[Jurisprudence] Une différence de traitement fondée sur la pluralité des accords d'établissement n'est pas illicite

par Christophe Radé, Professeur à l'Université Montesquieu-Bordeaux IV, Directeur scientifique de Lexbase Hebdo - édition sociale

Devant la multiplication des contentieux liés au respect du principe de non-discrimination ou "A travail égal, salaire égal", la Chambre sociale de la Cour de cassation a été amenée, depuis quelques mois, à affiner sa jurisprudence, singulièrement lorsque les salariés contestent les motifs qui justifient les différences de traitement. Dans cet arrêt en date du 18 janvier 2006, la Cour de cassation confirme les termes d'une précédente décision rendue en 1999, où elle avait affirmé que le rattachement des salariés, appartenant à une même entreprise, à des accords d'établissements distincts, était de nature à justifier les différences dénoncées. Cet arrêt apporte toutefois deux précisions, dans un débat complexe (1), qui sont bienvenues : une différence de traitement entre salariés appartenant à des établissements distincts n'est pas, en elle-même, discriminatoire (2), et un accord d'entreprise peut valablement prévoir que des modalités distinctes de rémunération pourront être adoptées dans certains établissements pour tenir compte de leurs caractéristiques (3).


Décision

Cass. soc., 18 janvier 2006, n° 03-45.422, Société Sogara France c/ Mme Lasoy Agion, F-P (N° Lexbase : A3972DM3)

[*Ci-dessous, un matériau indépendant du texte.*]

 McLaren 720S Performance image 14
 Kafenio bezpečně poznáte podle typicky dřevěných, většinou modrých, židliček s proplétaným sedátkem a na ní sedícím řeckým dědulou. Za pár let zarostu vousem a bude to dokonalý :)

Cassation sans renvoi (cour d'appel de Bordeaux, Chambre sociale, section A 16 décembre 2002 et 2 juin 2003)

Texte visé : C. trav., art. L. 132-19 (N° Lexbase : L5672AC3)

Mots-clefs : rémunération ; discrimination ; violation du principe "A travail égal, salaire égal" ; entreprise à établissements distincts ; modalités particulières de rémunération prévues par les accords d'établissement.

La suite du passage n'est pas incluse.